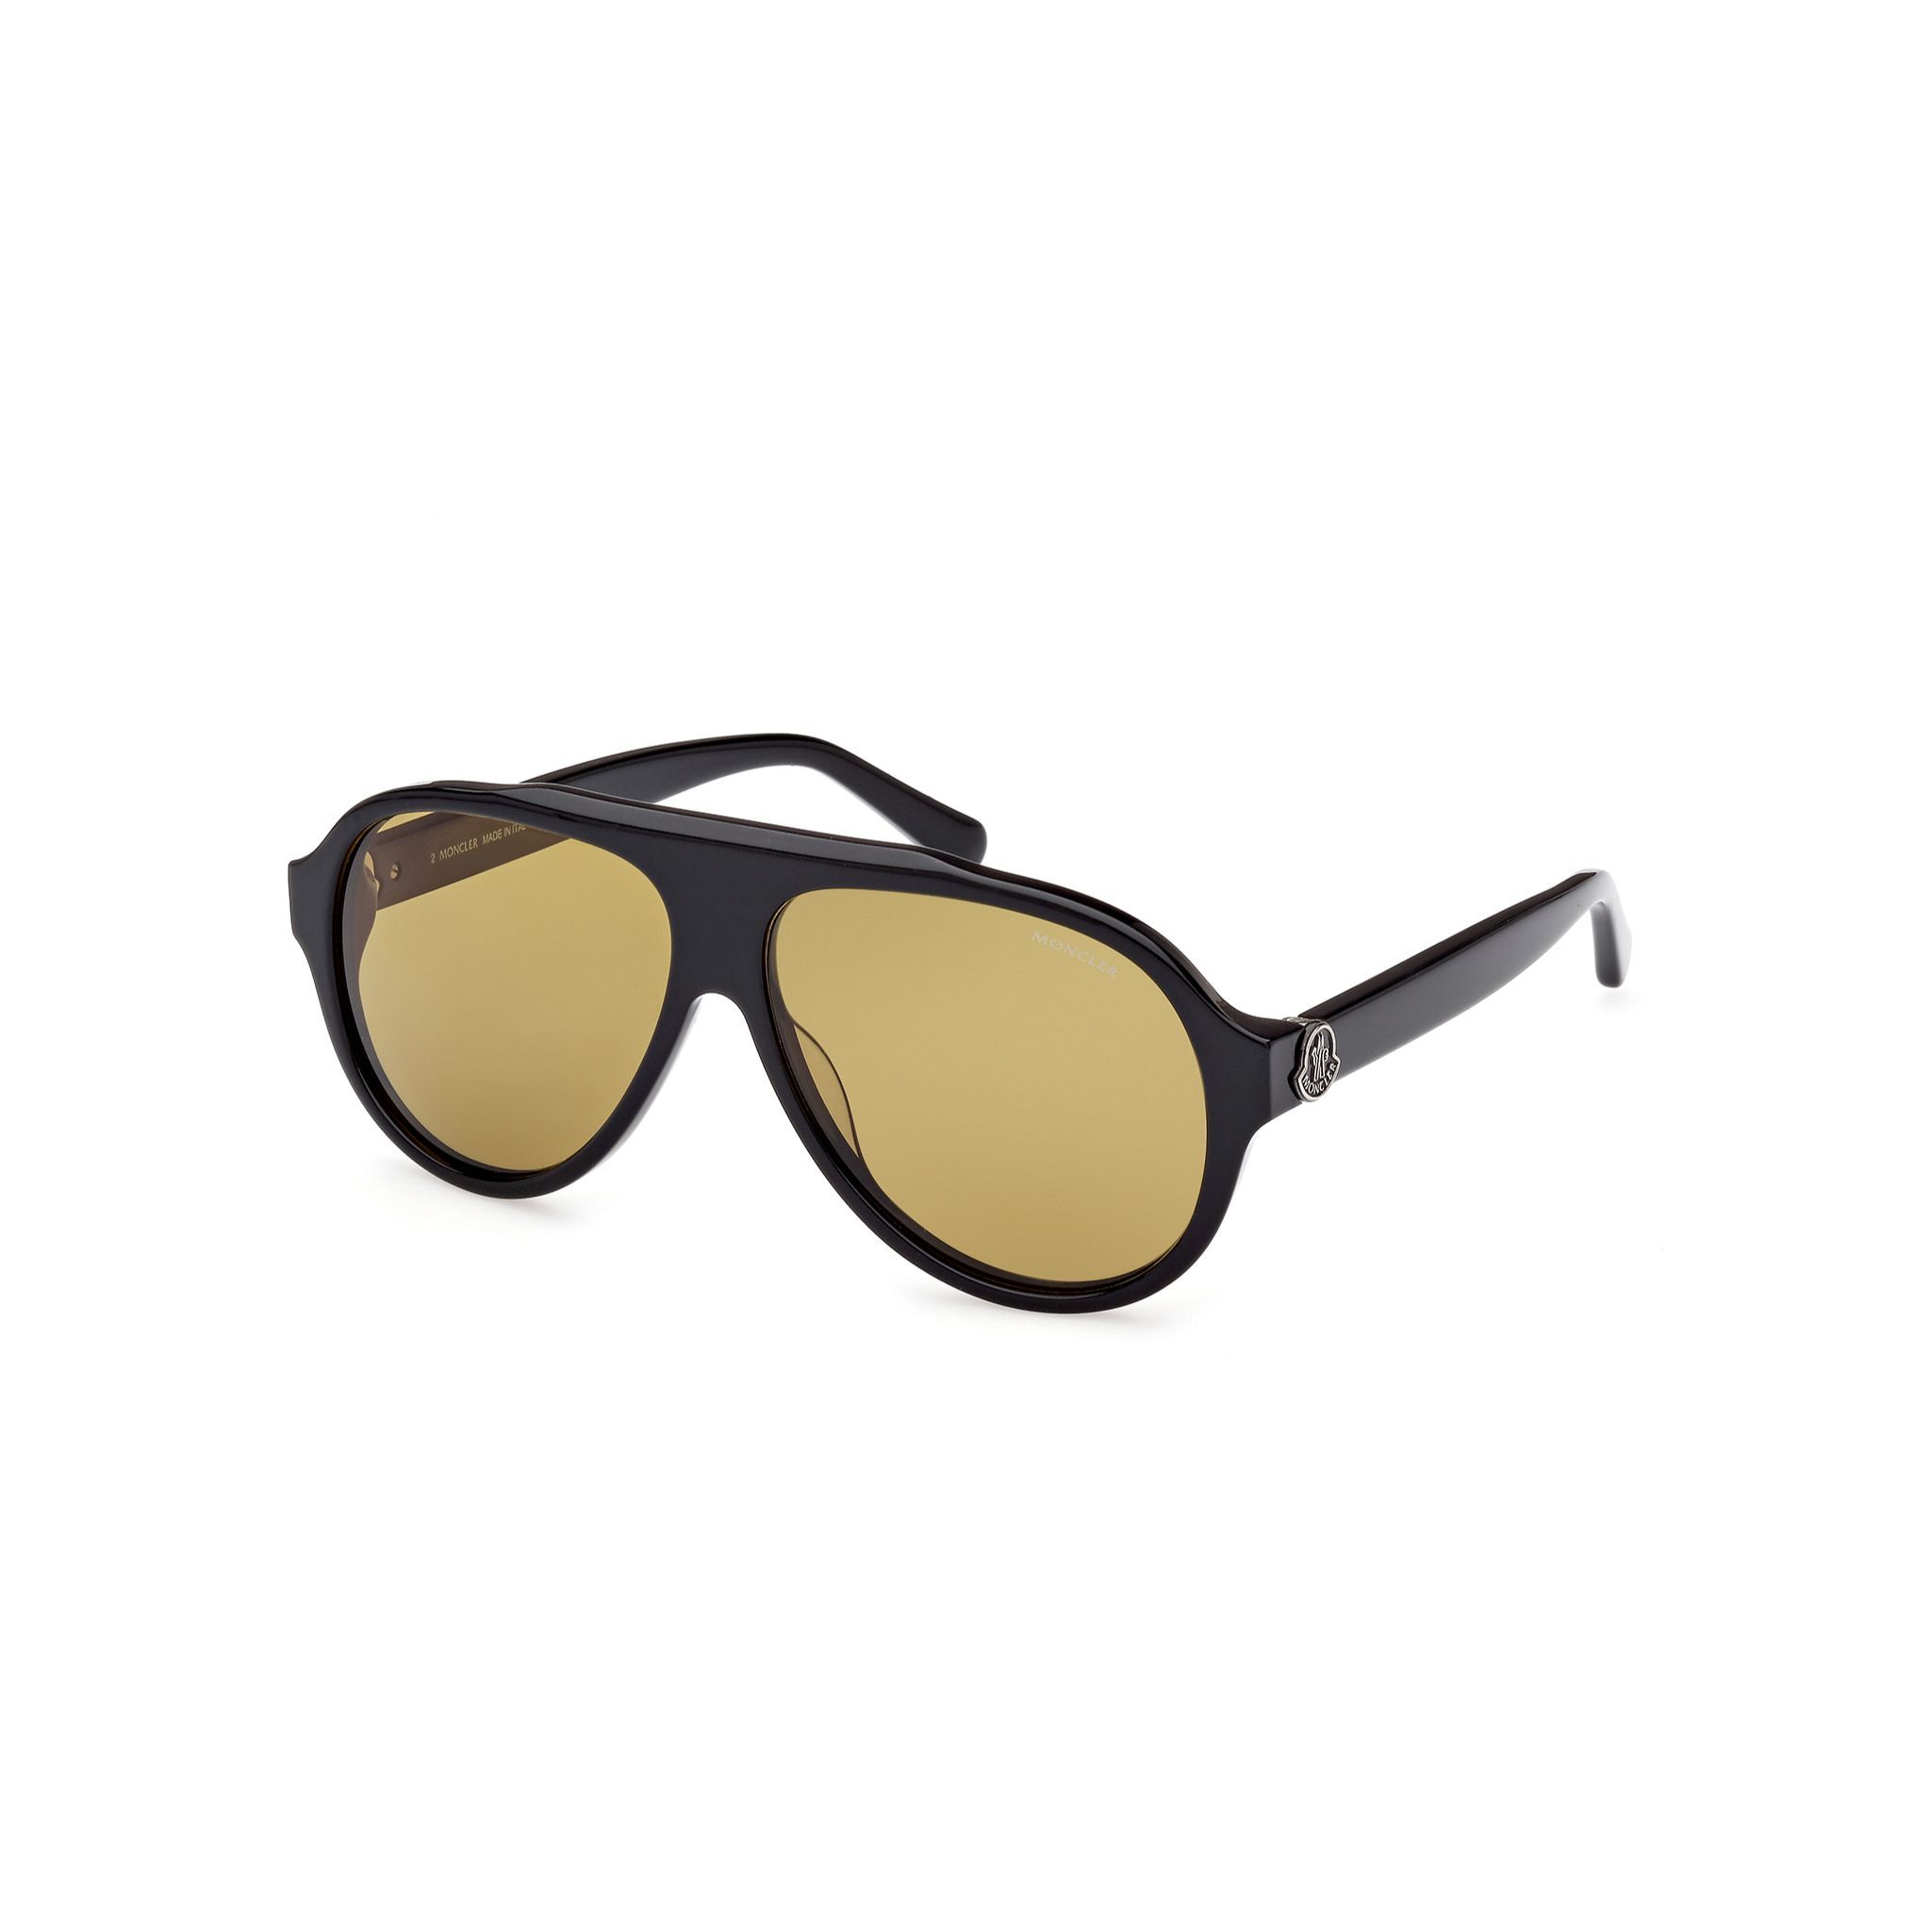 ML0265 Pilot Sunglasses 1H - size 59
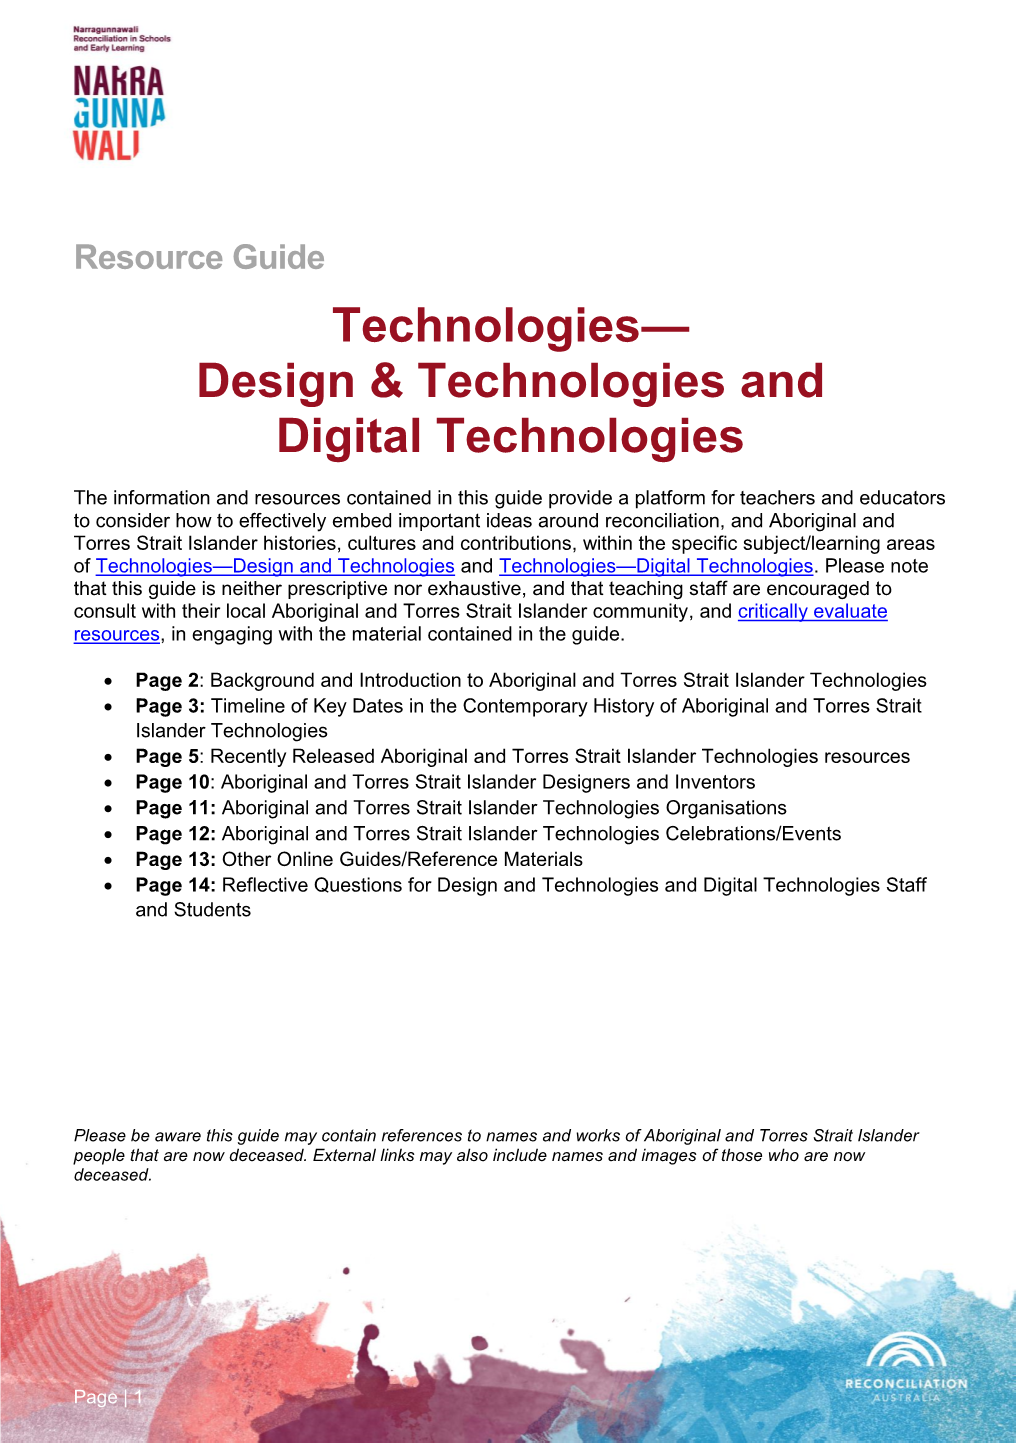 Design & Technologies and Digital Technologies
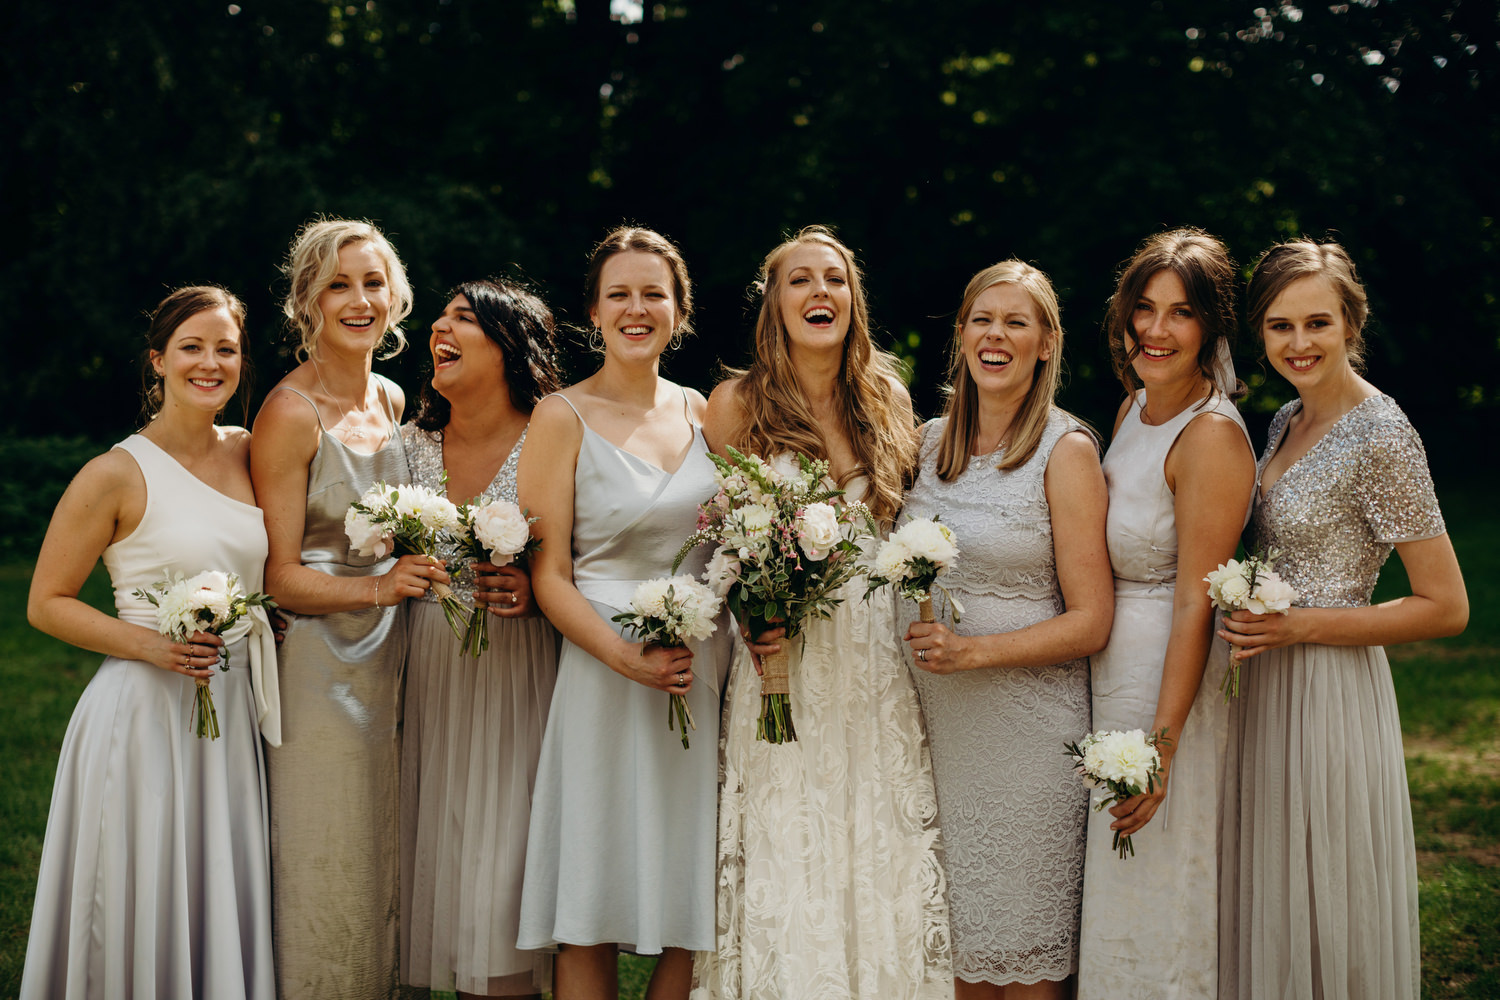 bride poses with bridesmaids at wedding
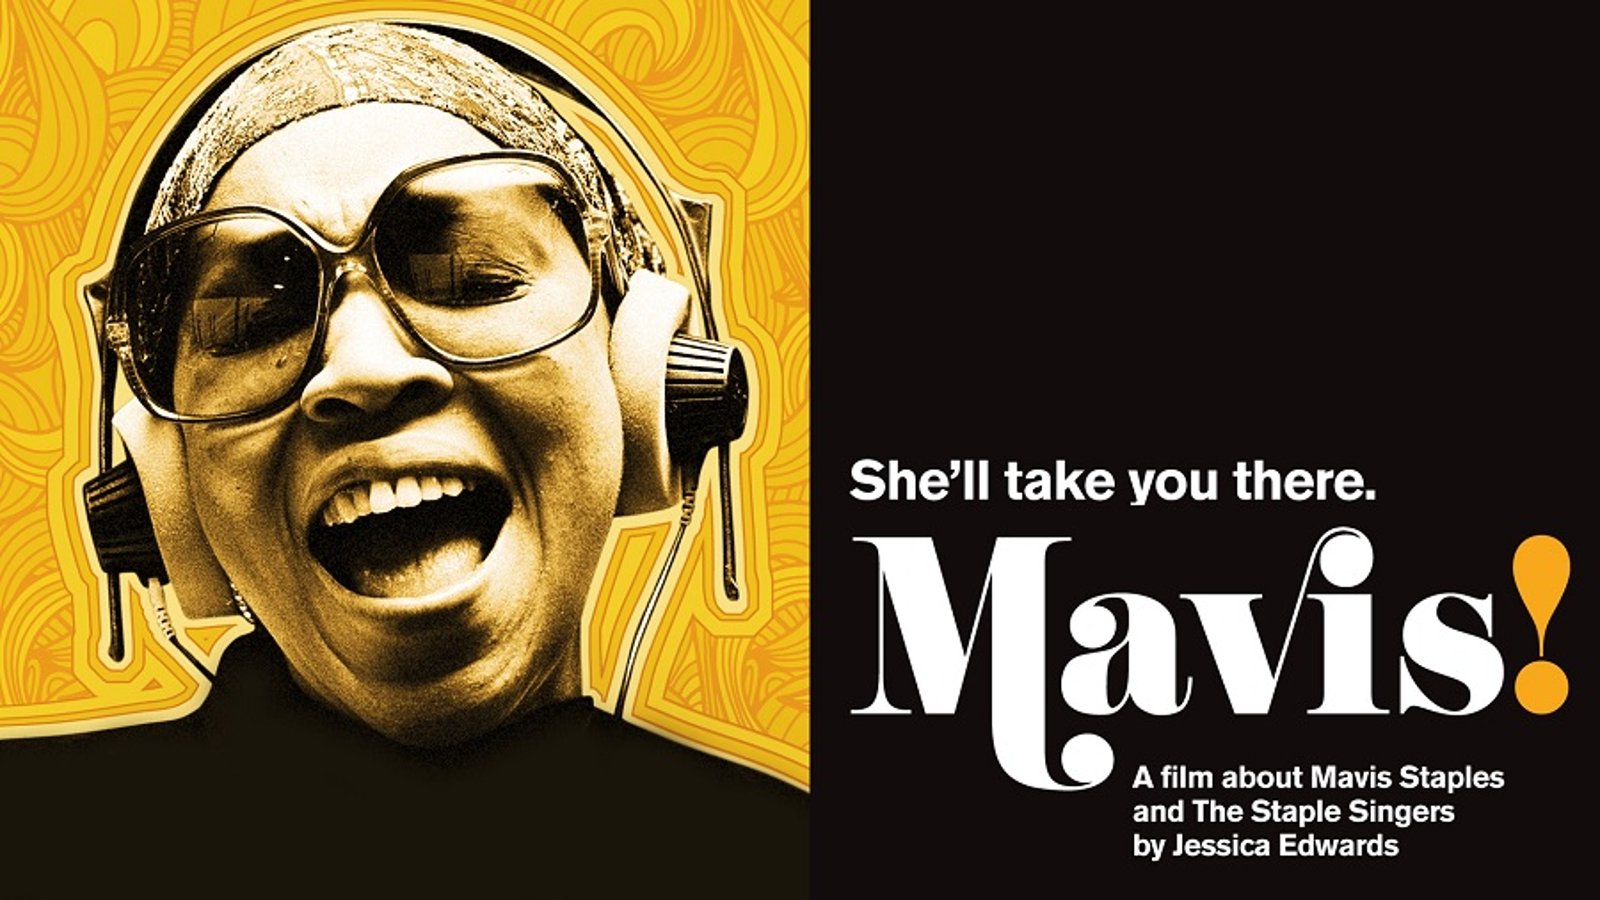 Mavis! - Gospel Music Legend and Civil Rights Activist Mavis Staples
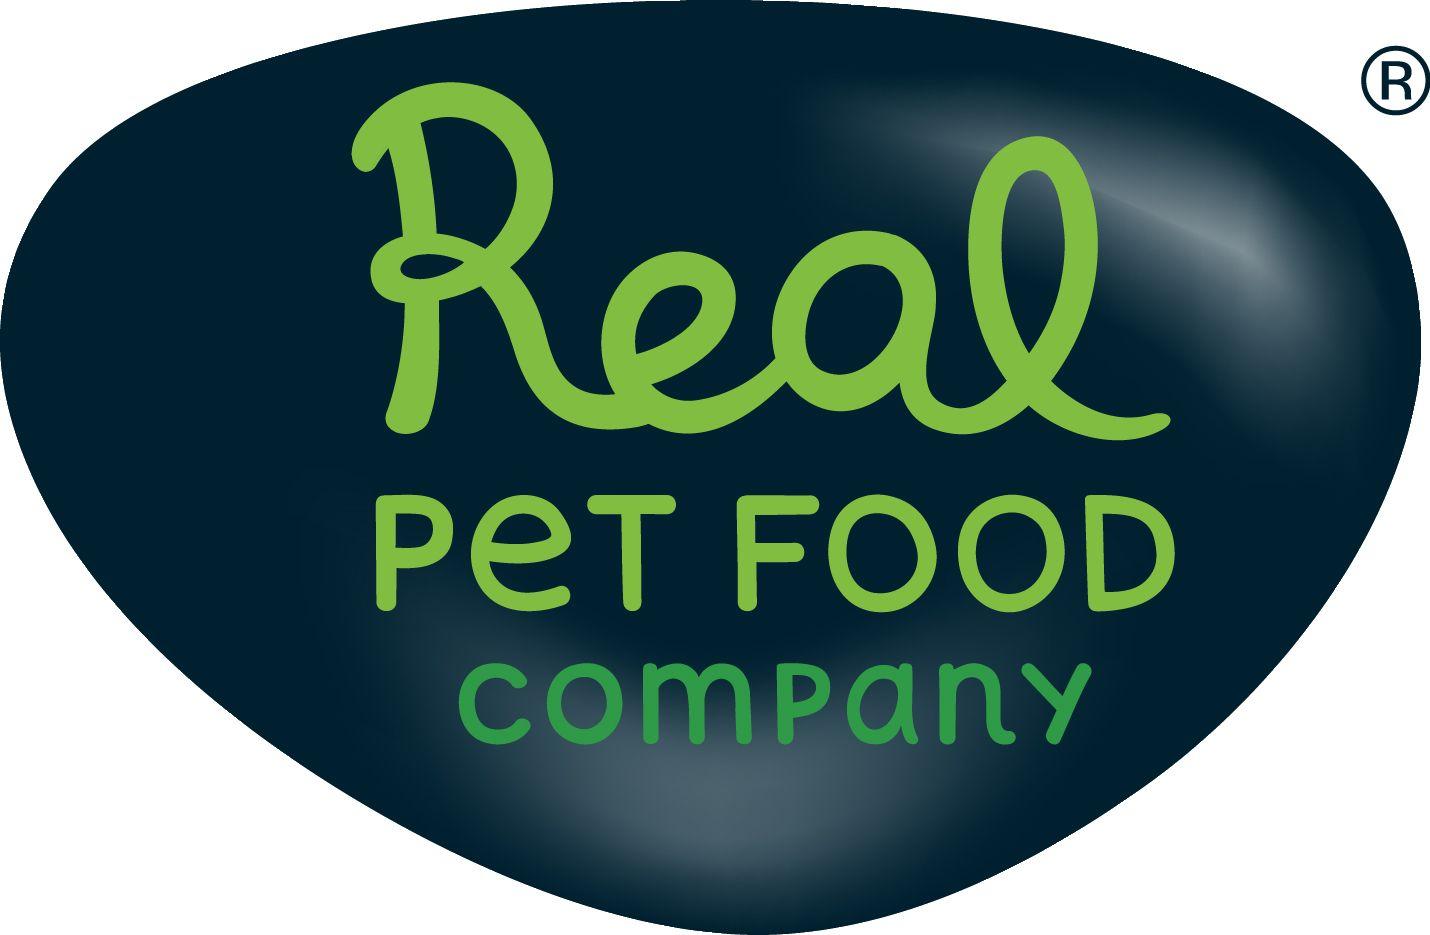 Пет фуд. Food Company. Pets food Company. Логотип фуд Компани. Логотип еды для собак.
#####
- _Task statement_
Only the lines from the line that contains "Mavis! - Gospel" through the end of the entries are to be written out, exactly and without pictures, both ends included.

- _Task solution_
 Mavis! - Gospel Music Legend and Civil Rights Activist Mavis Staples
 Пет фуд. Food Company. Pets food Company. Логотип фуд Компани. Логотип еды для собак.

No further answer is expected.